Erasure by the ‘White Telephone’ Regime
As Benito Mussolini’s fascist regime tightened its grip on Italian culture, the “low-life” realism of Notari became an ideological liability. The regime sought to project a unified, wholesome, and disciplined image of Italy. This led to the rise of “white telephone” films—glamorous, escapist comedies featuring wealthy characters in pristine settings, designed to distract the public from the socio-economic decay of the era.
The conflict reached a breaking point with a 1928 fascist censorship law. The legislation specifically denied approval for films that depicted “stallholders, beggars, urchins, dirty alleyways, and people dedicated to dolce far niente” (the sweetness of doing nothing). The law outlawed the incredibly milieu that defined Notari’s cinematic universe.
| Period/Year | Key Event | Impact on Notari’s Work |
|---|---|---|
| Early 1920s | Peak of Dora Film | Production of 60 features and hundreds of shorts. |
| 1928 | Fascist Censorship Law | Outlawed depictions of Neapolitan poverty and “urchins.” |
| 1930 | Closure of Dora Film | Company folded due to censorship and costs of “talkies.” |
| 1946 | Death of Elvira Notari | Died in obscurity in Cava de’ Tirreni. |
Notari attempted to survive by bowdlerizing her earlier works to meet the new standards, but the financial and creative pressure was insurmountable. The prohibitive cost of transitioning to sound films, combined with state hostility, forced Dora Film to fold in 1930. Notari spent her final years in retirement near her birthplace of Salerno, dying in 1946 as a largely forgotten figure.
A Hidden Lineage: From Naples to New York
Whereas the fascist regime succeeded in silencing Notari during her lifetime, the DNA of her work persisted, particularly within the Italian-American experience. The sceneggiata films she exported were staples in the “Little Italy” theaters of New York, influencing generations of immigrants.

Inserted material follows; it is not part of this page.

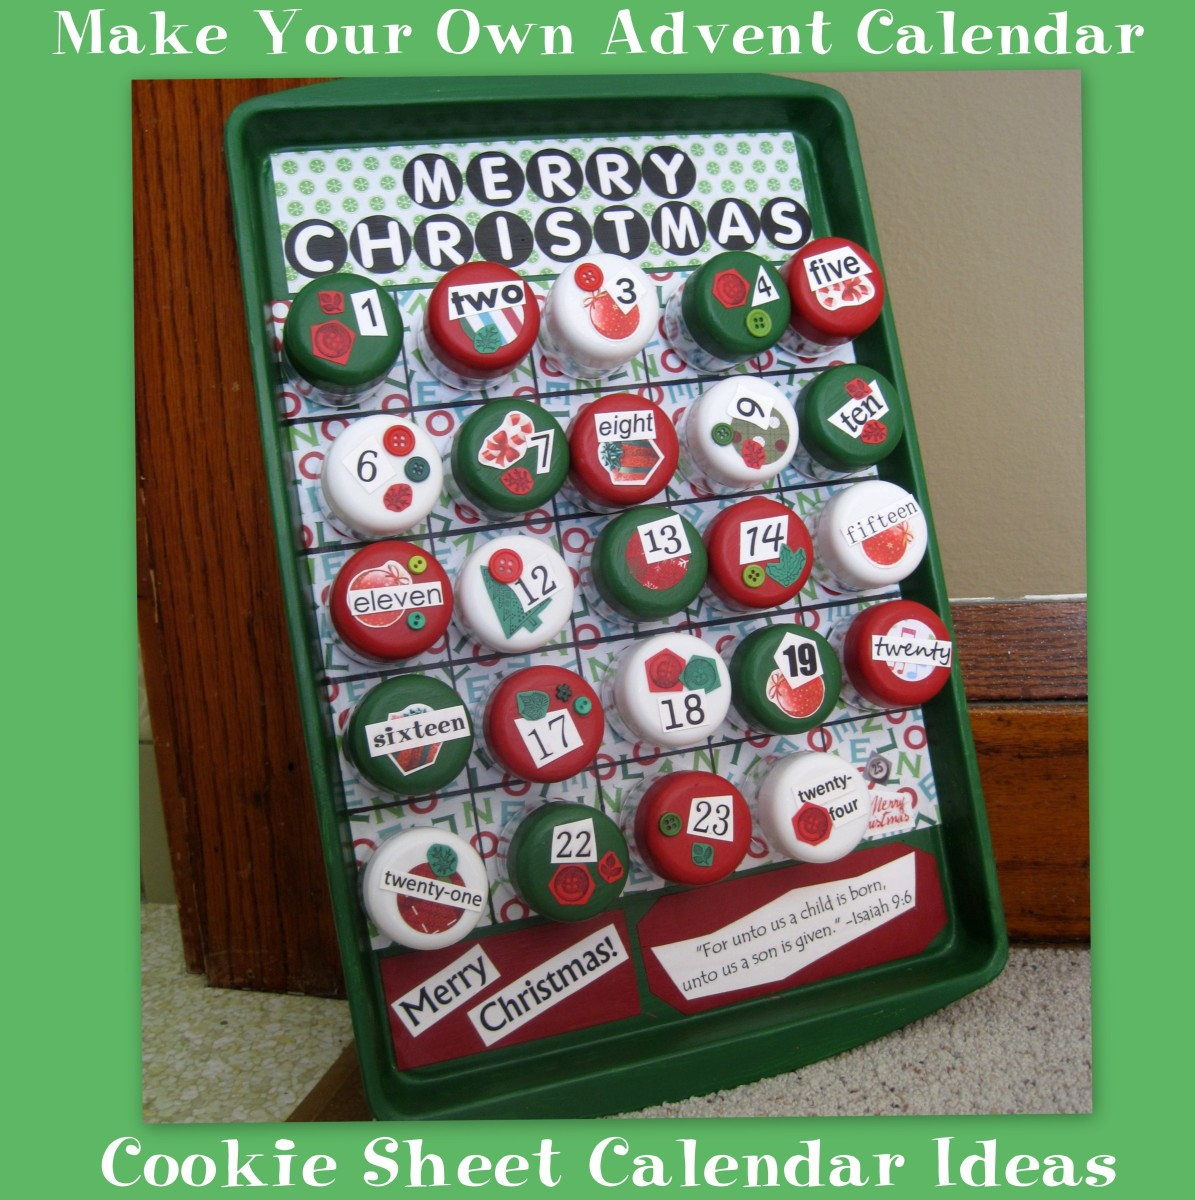 Make Your Own Advent Calendar Cookie Sheet Calendar Ideas

This connection is evident in the work of Francis Ford Coppola and Martin Scorsese. Coppola’s grandfather, Francesco Pennino, was a songwriter and film exhibitor who imported these silent melodramas. The influence is subtly woven into The Godfather Part II, where a 1917 flashback depicts an audience reacting to the same kind of nostalgic, emotional music that accompanied Notari’s films.
the “pullulating” street scenes and the juxtaposition of joyful community gatherings with sudden, brutal violence in films like The Godfather and Goodfellas mirror the rhythms of Notari’s street festivals. Even the sordid, heaving atmosphere of Times Square in Taxi Driver echoes the “orgiastic pandemonium” Notari captured in Naples a century prior.
Recovering the Silence
Today, a concerted effort is underway to restore Notari to her rightful place in cinema history. The Elvira Notari National Committee was established last year to mark the 150th anniversary of her birth, aiming to preserve the fragments of her work and study her role as a feminist pioneer.
Central to this revival is the documentary Elvira Notari: Beyond Silence, produced by Antonella Di Nocera and directed by Valerio Ciriaci. Because Notari left no diaries and gave no interviews, the filmmakers used a collaborative approach, inviting modern photographers, novelists, and musicians to interpret her “artisanal” approach to cinema.
For Di Nocera, Notari is more than a historical curiosity; she is a symbol of the struggle against erasure. The documentary argues that the silencing of Notari by the state mirrors the ways women continue to be marginalized in contemporary narratives.
The recovery of Notari’s legacy continues through a series of international screenings. Elvira Notari: Beyond Silence is scheduled for a screening at the Film Forum in New York on April 6, followed by a tour of the United Kingdom throughout April and May.